Another brute force approach is to match up the frequency
distribution of the letters. By graphing the frequencies of letters in the cipher
text, and by knowing the expected distribution of those letters in the original
language of the plaintext, a human can easily spot the value of the shift by
looking at the displacement of particular features of the graph. This is known
as frequency analysis.
Enhancing the Cipher
Based on the explanation provided we see that main problem
with Caesar cipher is predictability. Two main issues that cause this
predictability are:
- Fixed index for shifting characters
- Knowledge about character at a given index.
We can enhance the strength of the cipher by overcoming
these 2 issues. Let us look into these 2 issues and how we can overcome them:
Fixed index for shifting characters
As you read earlier in Caesar cipher each letter in the
plaintext is replaced by a letter some fixed number of positions down the
alphabet. Thus if attacker manages to figure out shift index he can easily
break the cipher text. We can overcome this making the shift index variable.
Consider the example shown in the table above. Instead of using a fixed index
of 4, the index could be length of the string I.e 12. Using such variable index
will make the cipher text difficult to predict. In addition to this advantage,
two similar word/phrase with different lengths would have different cipher
texts. For example attackatonce and attackonce
will have no pattern in common even though the word “attack” and “once”

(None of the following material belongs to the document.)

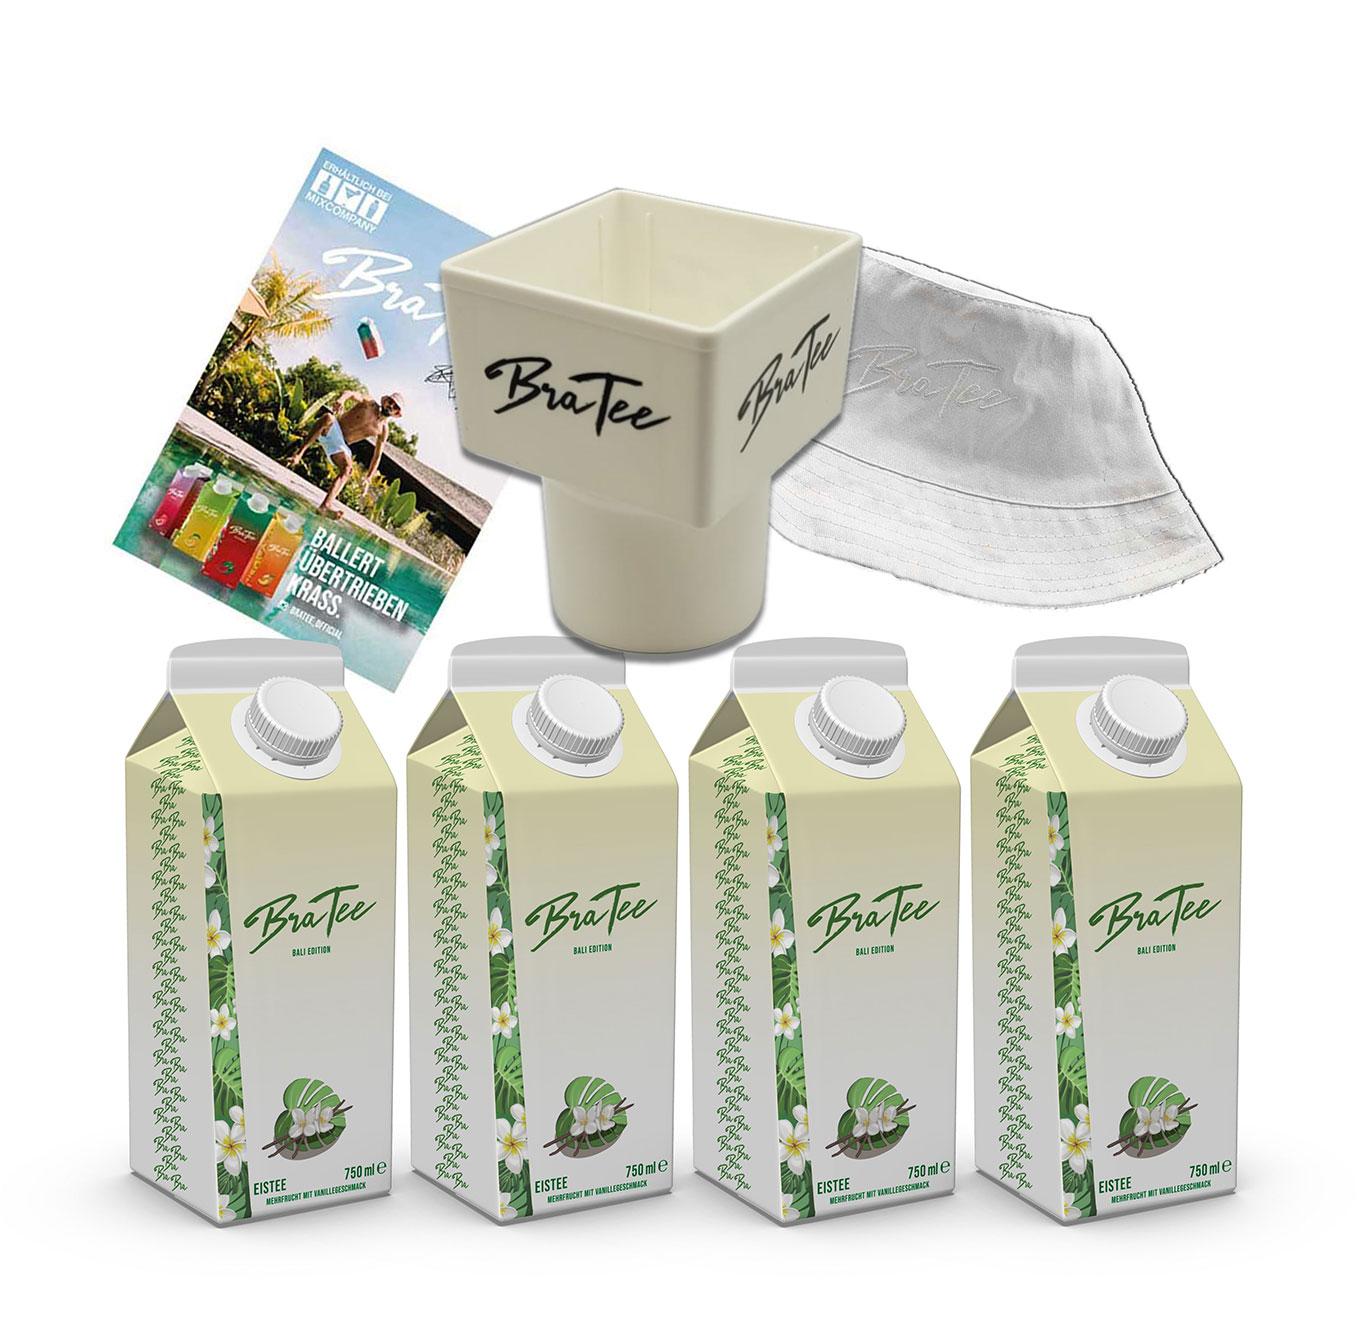 Capital BraTee Bali Edition 4er Set Special Eistee je 750ml + Gratis Getränkehalter + Autogrammkarte und Hut BRATEE Limited Edition Ice tea Mehrfrucht mit Vanillegeschmack mit Capi-Qualitäts-Siegel - Du weisst Bescheid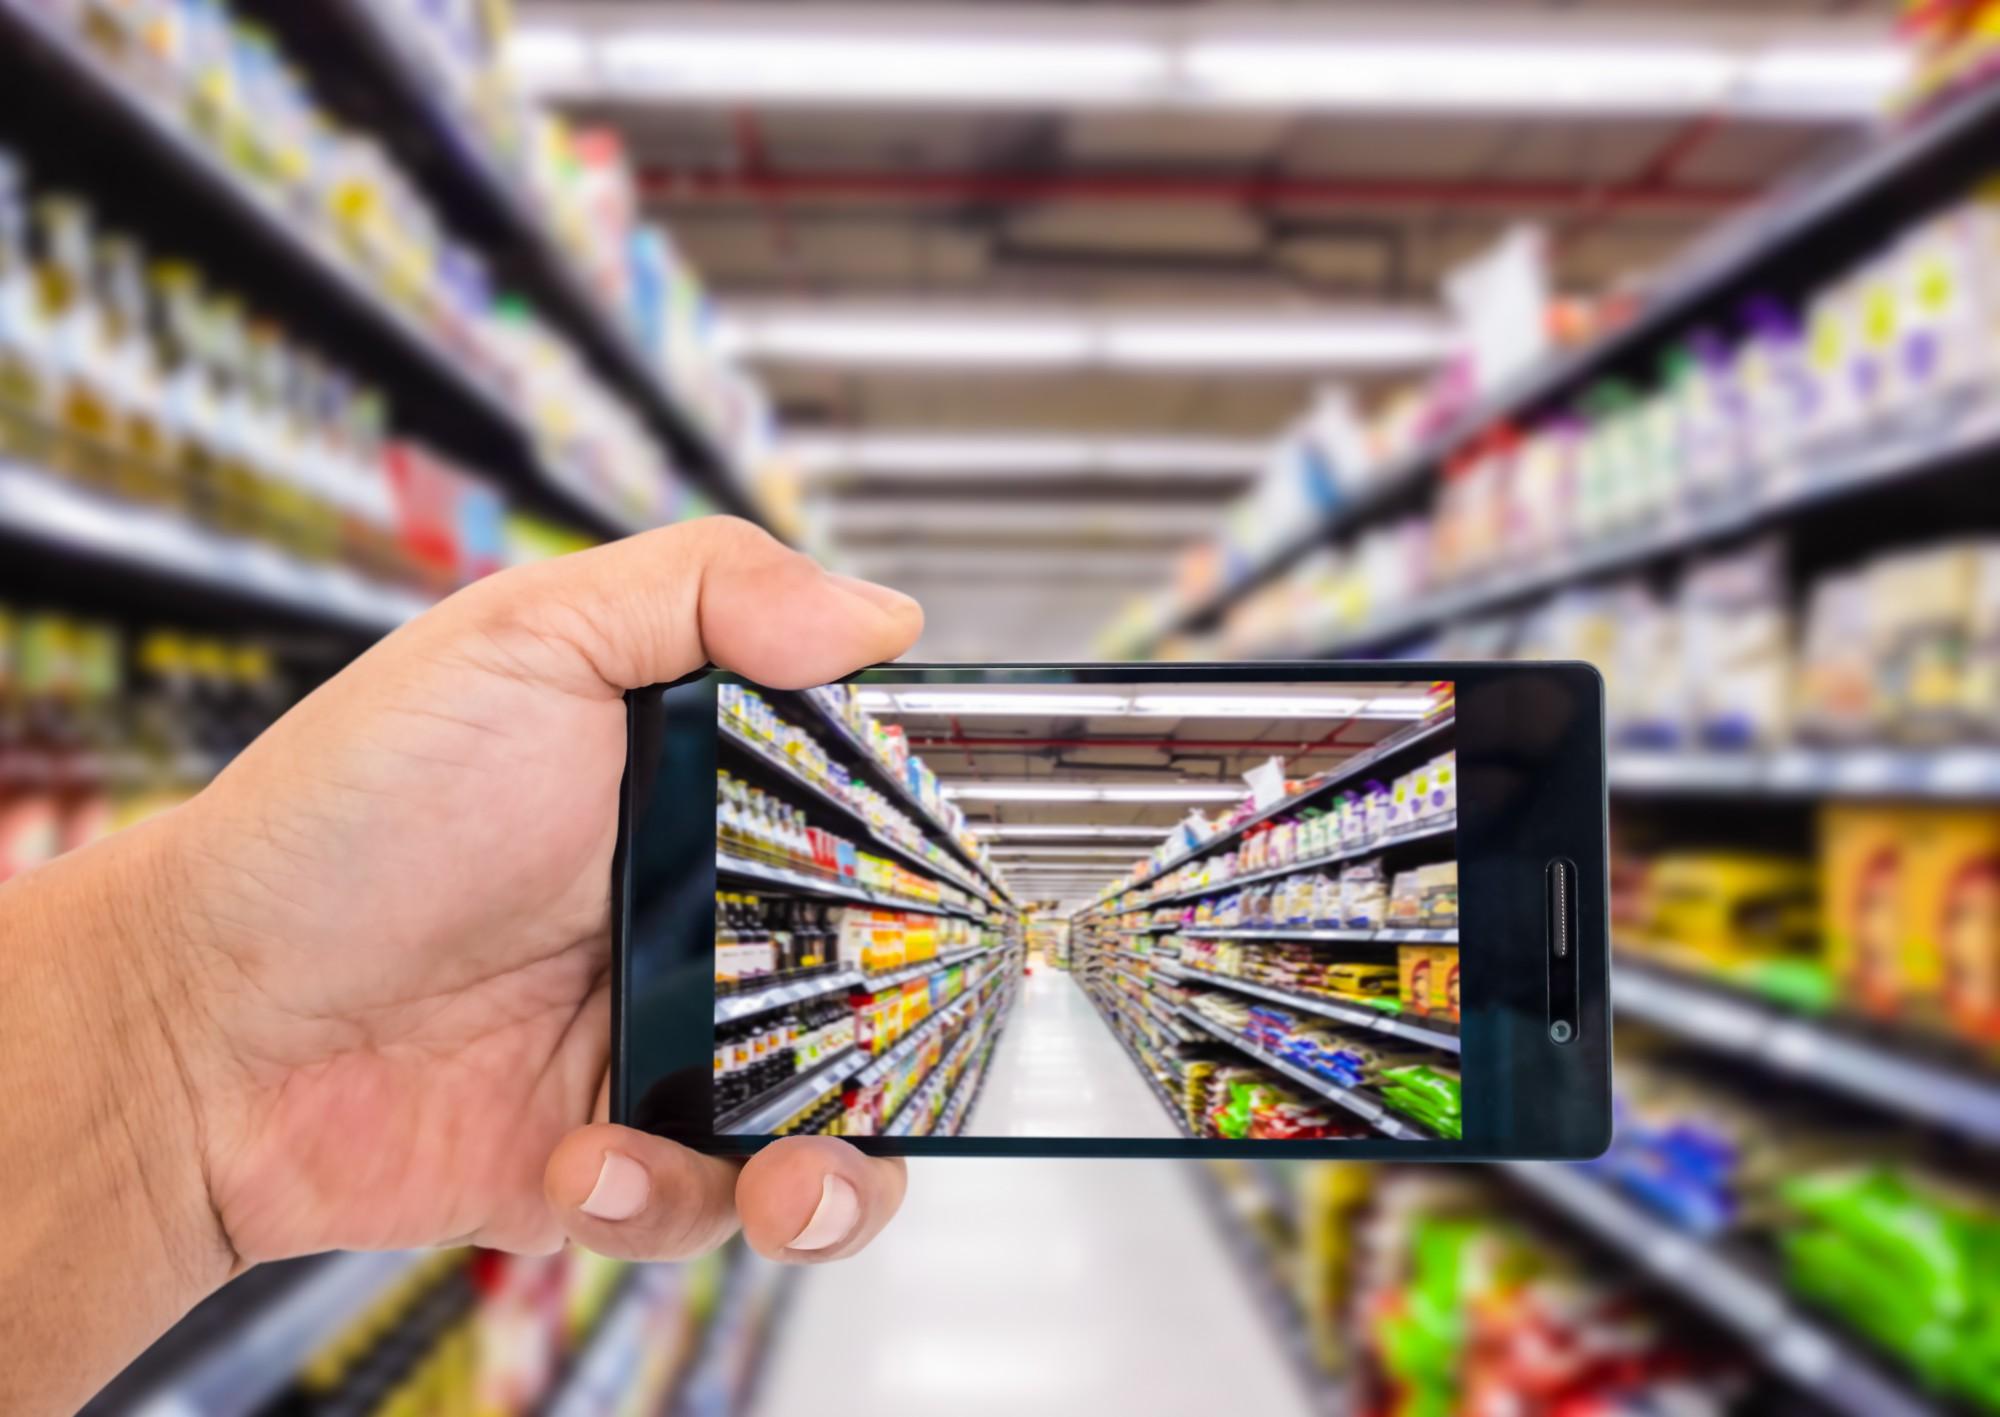 Supermercados phygital: a próxima onda do varejo

are being repeated. This happens because the string length is different thus
the shift index will be different.
Knowledge about character at a given index
In our previous example we also observed while shifting the
alphabets, the alphabet at new position occurs as per alphabetical order of
A-Z. Thus if attacker manages to figure out the shift index he can easily find out
all the characters in the given cipher text. Besides making the shift index
dynamic we can also shuffle the alphabetical order by which the alphabets won’t
be substituted as per the default alphabetic order. For example on a shift
index of 4 if we were suppose to substitute character “a”, by alphabetical
order the new character would be “d”. However if we do not follow alphabetical
order and replace the characters basis of shuffled set of characters it will make
it difficult for attacker to derive the plain text. For this we need to have a
shuffled set of alphabets.
Implementation
Enhanced Caesar cipher can be implemented in following
manner:
- Determine the shift index on the basis of string
length.
- Determine the position of character to be
replaced in the shuffled string.
- Add the shift index to the position to determine
the position of new character.
- Determine the character at new position. If the
new position is more than the length of the shuffled set then loop again after
the loop index reaches the length of shuffled set.
For example
The plain text to be ciphered is “america”. The shuffled
subset is “adwxyzefijklmnoghpqrstbcuv”. The cipher for this will be “frnagyf”. In
this example “a” is substituted with “e”. For this substitution we 1st
determine the position of “a” in shuffled subset. This is 1. Now we need to
determine the shift index, which is length of string i.e. 7. Thus with a right
shift of 7,”a” gives “f” as per the shuffled set. Similar substitution process
will be applied to each character in the given word.
The Outcome
An enhanced cipher technique derived from a simple
substitution cipher is much effective compared to its original version.